### THE INPUT:

>>>>

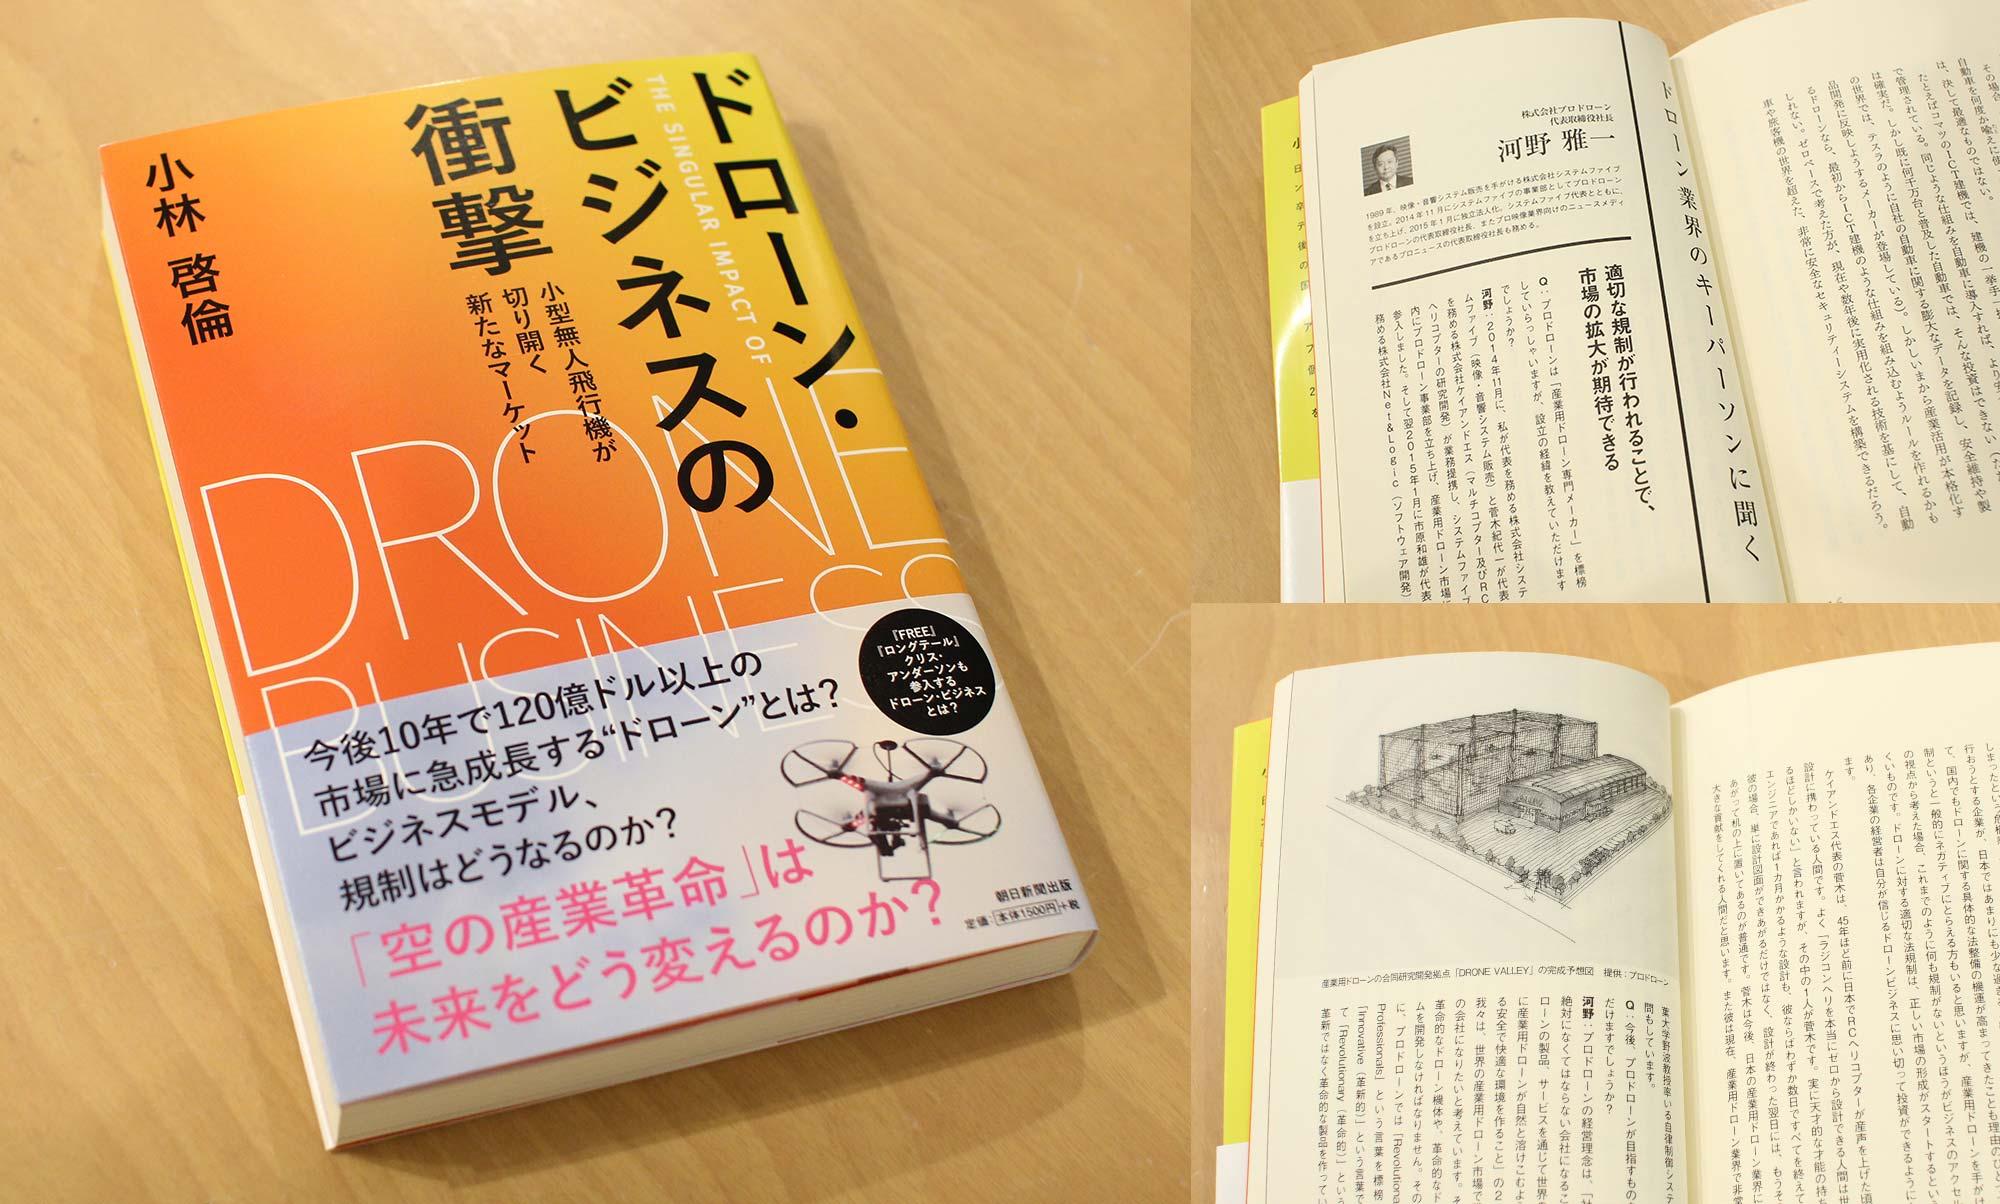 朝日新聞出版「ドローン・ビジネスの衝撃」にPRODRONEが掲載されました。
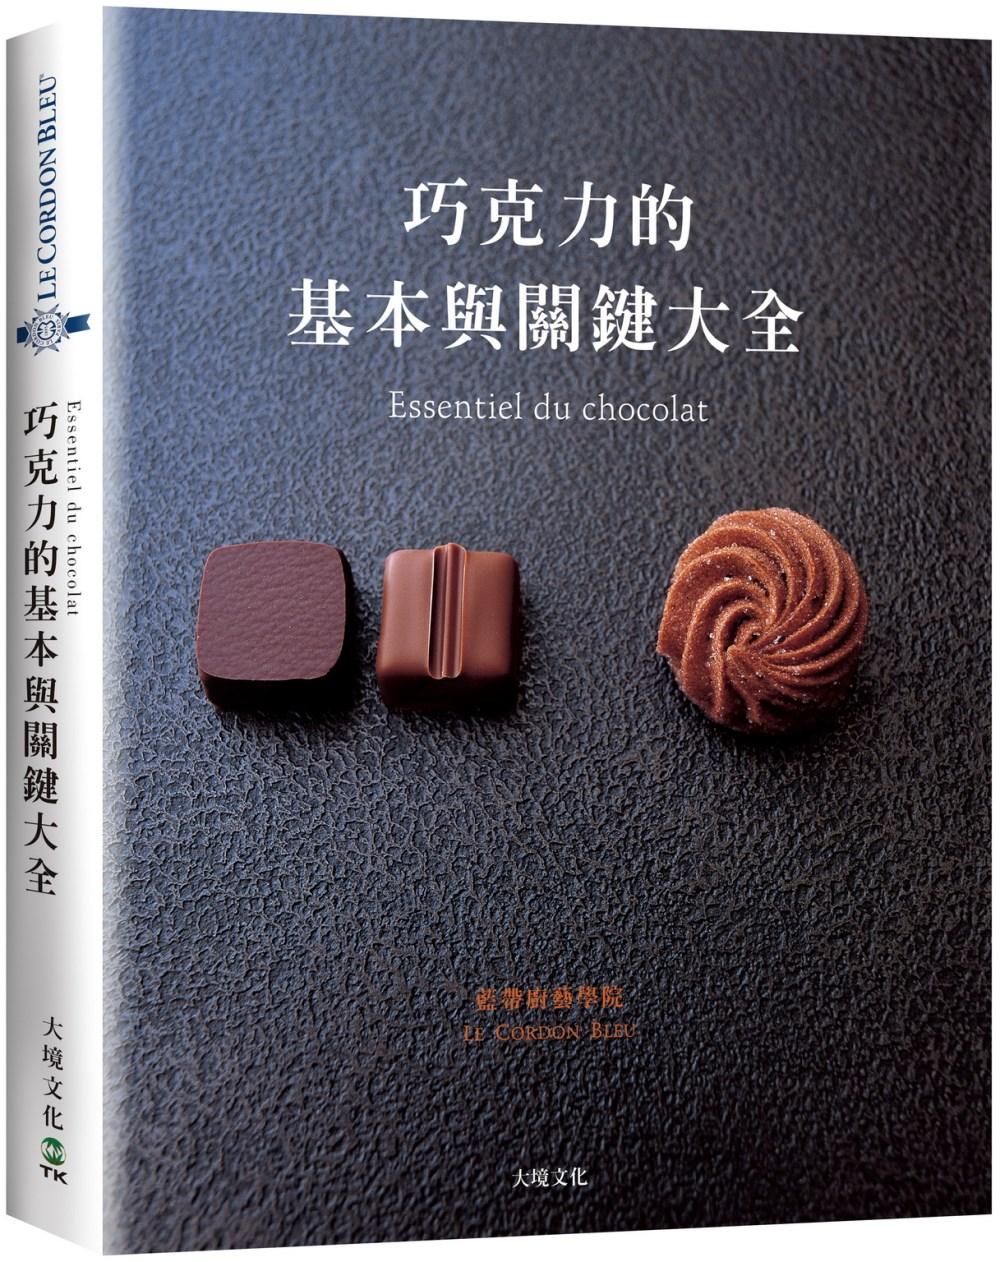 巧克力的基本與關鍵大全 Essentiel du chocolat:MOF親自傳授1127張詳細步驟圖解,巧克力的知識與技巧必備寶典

<<<<
>>>>

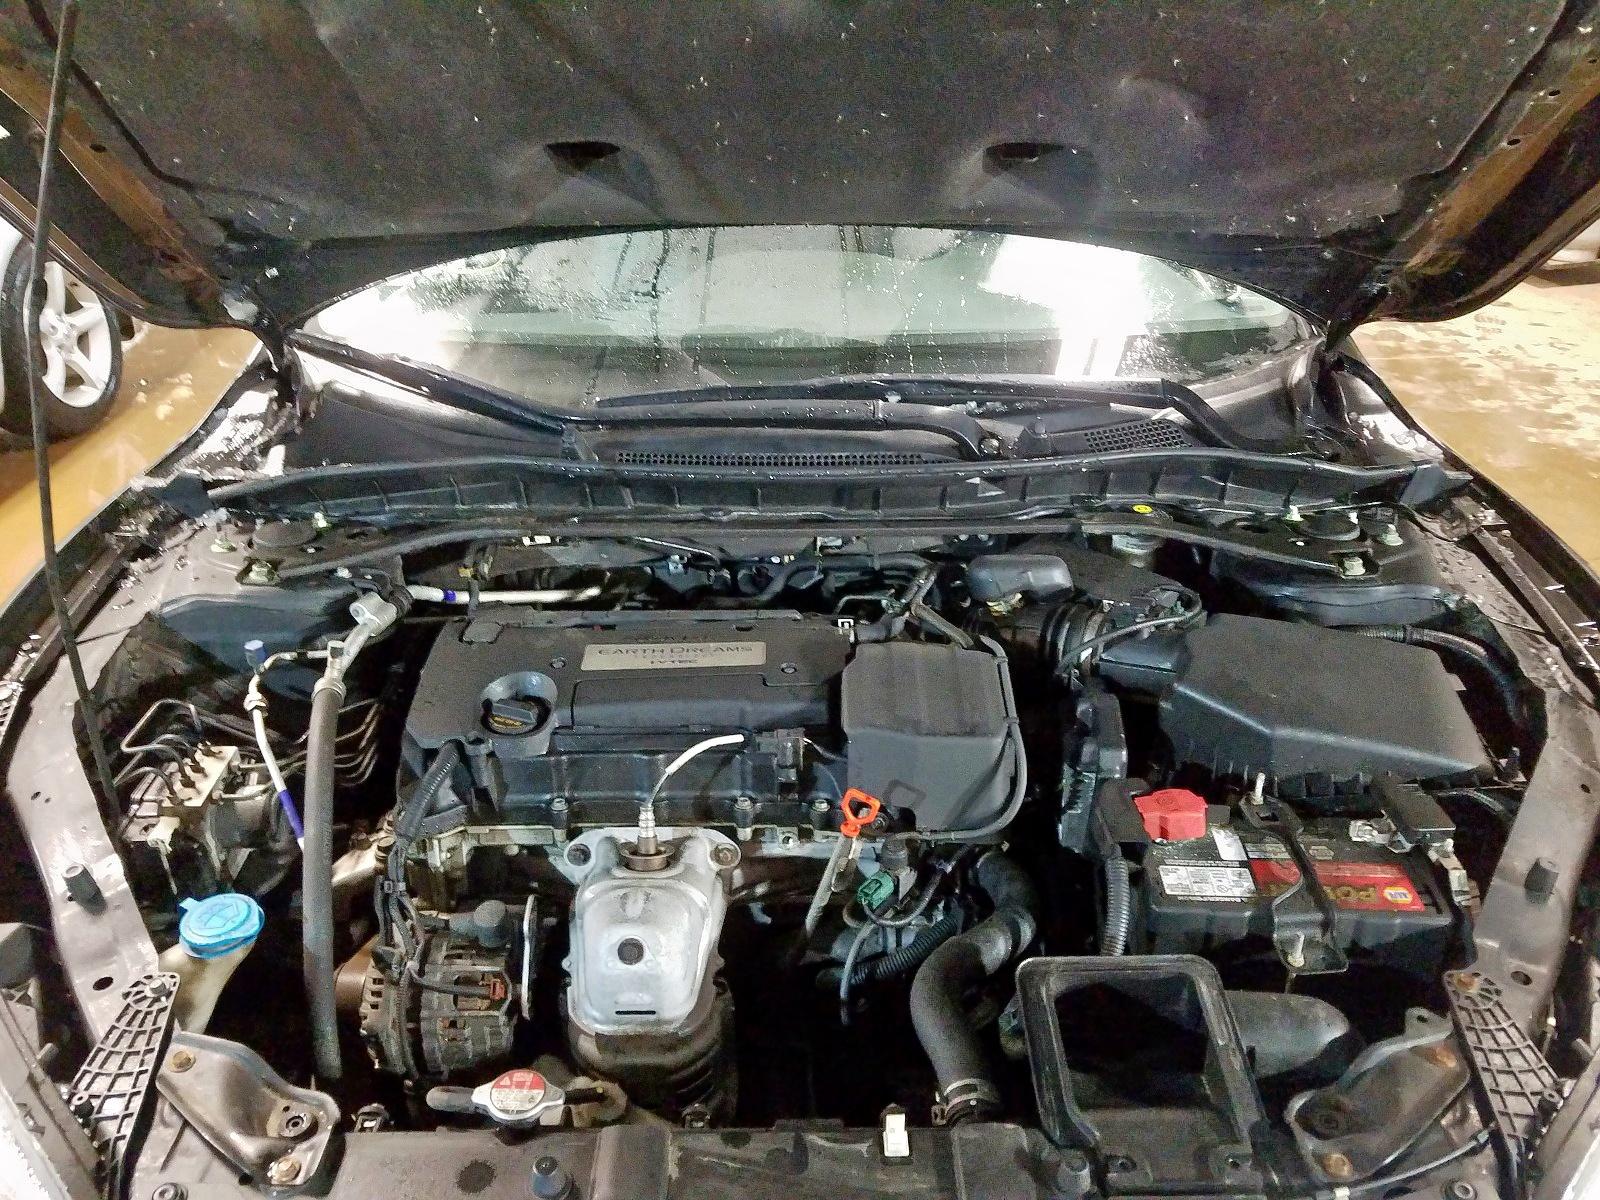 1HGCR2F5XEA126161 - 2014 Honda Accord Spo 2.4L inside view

<<<<

### YOUR TASK:
Everything from the line above that contains "朝日新聞出版「ドローン・ビジネスの衝撃」にPRODRONEが掲載されました。" down to the line that contains "巧克力的基本與關鍵大全 Essentiel du" must be reproduced exactly, both ends included. Omit the pictures.

### RESULT OF THIS EXERCISE:
 朝日新聞出版「ドローン・ビジネスの衝撃」にPRODRONEが掲載されました。
 巧克力的基本與關鍵大全 Essentiel du chocolat:MOF親自傳授1127張詳細步驟圖解,巧克力的知識與技巧必備寶典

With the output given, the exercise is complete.